Goal of the exercise -
In the entries below, the word "Designer" appears on some lines. Copy each of those lines.

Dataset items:

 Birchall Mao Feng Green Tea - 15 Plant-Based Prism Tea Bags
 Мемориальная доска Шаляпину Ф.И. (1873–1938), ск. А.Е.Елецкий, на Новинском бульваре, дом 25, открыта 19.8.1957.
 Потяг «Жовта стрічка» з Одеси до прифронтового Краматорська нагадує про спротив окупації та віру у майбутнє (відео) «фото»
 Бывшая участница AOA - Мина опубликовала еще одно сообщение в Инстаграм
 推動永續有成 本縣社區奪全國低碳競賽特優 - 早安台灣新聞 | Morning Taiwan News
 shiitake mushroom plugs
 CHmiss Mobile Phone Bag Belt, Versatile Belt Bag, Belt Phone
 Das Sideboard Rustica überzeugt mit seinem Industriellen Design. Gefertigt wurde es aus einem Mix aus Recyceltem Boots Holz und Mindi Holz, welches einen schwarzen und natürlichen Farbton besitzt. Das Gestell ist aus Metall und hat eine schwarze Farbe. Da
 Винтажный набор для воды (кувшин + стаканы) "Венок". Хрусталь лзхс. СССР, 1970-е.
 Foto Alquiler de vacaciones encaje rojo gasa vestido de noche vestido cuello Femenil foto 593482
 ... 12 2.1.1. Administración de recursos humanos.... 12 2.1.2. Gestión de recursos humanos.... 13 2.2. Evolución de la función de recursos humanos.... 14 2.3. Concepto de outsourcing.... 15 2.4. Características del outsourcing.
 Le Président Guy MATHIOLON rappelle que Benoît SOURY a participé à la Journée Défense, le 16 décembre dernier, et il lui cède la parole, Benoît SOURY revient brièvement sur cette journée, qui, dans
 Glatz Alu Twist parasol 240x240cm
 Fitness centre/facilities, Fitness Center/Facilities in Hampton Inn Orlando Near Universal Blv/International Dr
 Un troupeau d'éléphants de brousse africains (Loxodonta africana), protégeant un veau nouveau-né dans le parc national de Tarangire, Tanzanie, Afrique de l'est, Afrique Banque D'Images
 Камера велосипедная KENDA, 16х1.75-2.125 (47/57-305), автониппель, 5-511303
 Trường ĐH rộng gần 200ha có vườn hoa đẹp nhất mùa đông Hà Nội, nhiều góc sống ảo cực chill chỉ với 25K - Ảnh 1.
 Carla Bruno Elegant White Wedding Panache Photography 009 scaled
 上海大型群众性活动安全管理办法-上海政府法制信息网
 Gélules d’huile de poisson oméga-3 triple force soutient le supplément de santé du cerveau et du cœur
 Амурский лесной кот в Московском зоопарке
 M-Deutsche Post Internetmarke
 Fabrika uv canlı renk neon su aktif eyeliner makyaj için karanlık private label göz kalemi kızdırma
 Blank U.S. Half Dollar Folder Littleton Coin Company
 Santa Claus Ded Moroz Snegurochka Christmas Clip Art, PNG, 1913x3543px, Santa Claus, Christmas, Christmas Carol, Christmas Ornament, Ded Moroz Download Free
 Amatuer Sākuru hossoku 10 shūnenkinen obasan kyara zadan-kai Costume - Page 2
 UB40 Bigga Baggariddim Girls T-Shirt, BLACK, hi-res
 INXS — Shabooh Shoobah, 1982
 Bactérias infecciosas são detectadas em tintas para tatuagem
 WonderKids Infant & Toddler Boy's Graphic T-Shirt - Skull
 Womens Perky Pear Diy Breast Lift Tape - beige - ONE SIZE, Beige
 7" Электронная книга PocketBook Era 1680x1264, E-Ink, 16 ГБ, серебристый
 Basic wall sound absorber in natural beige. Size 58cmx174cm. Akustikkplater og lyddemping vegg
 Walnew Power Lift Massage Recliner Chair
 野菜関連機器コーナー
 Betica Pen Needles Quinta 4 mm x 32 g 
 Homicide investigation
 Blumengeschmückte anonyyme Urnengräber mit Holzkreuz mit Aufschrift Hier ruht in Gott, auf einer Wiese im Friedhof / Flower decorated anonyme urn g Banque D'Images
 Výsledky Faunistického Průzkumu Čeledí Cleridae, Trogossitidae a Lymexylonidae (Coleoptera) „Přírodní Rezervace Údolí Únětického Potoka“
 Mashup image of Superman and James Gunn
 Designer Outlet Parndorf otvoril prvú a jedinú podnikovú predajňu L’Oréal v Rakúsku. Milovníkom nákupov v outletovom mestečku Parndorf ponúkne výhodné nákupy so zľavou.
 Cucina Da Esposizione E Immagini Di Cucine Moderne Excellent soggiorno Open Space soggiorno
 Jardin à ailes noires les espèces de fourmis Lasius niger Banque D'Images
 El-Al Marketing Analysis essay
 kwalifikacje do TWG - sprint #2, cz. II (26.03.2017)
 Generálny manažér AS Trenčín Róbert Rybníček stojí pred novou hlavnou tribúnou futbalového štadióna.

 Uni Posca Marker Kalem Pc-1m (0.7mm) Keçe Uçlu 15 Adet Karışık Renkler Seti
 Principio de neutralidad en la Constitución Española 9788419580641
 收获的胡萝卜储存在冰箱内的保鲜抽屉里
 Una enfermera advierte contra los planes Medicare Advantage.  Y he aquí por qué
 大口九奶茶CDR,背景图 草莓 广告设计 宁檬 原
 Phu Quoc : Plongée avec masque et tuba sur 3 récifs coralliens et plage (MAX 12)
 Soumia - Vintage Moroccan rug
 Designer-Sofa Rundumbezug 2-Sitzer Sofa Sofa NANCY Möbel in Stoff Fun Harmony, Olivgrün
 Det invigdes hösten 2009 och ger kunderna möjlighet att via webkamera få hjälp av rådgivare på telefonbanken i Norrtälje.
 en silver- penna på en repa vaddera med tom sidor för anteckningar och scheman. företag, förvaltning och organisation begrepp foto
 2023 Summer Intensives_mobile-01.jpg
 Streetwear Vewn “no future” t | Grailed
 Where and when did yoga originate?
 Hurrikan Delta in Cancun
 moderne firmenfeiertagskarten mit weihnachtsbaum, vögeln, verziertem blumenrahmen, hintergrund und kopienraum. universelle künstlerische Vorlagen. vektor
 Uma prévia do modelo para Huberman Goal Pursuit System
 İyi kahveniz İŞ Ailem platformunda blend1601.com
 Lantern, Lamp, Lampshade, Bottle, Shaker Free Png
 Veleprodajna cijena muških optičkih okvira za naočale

Exercise solution -
 Designer Outlet Parndorf otvoril prvú a jedinú podnikovú predajňu L’Oréal v Rakúsku. Milovníkom nákupov v outletovom mestečku Parndorf ponúkne výhodné nákupy so zľavou.
 Designer-Sofa Rundumbezug 2-Sitzer Sofa Sofa NANCY Möbel in Stoff Fun Harmony, Olivgrün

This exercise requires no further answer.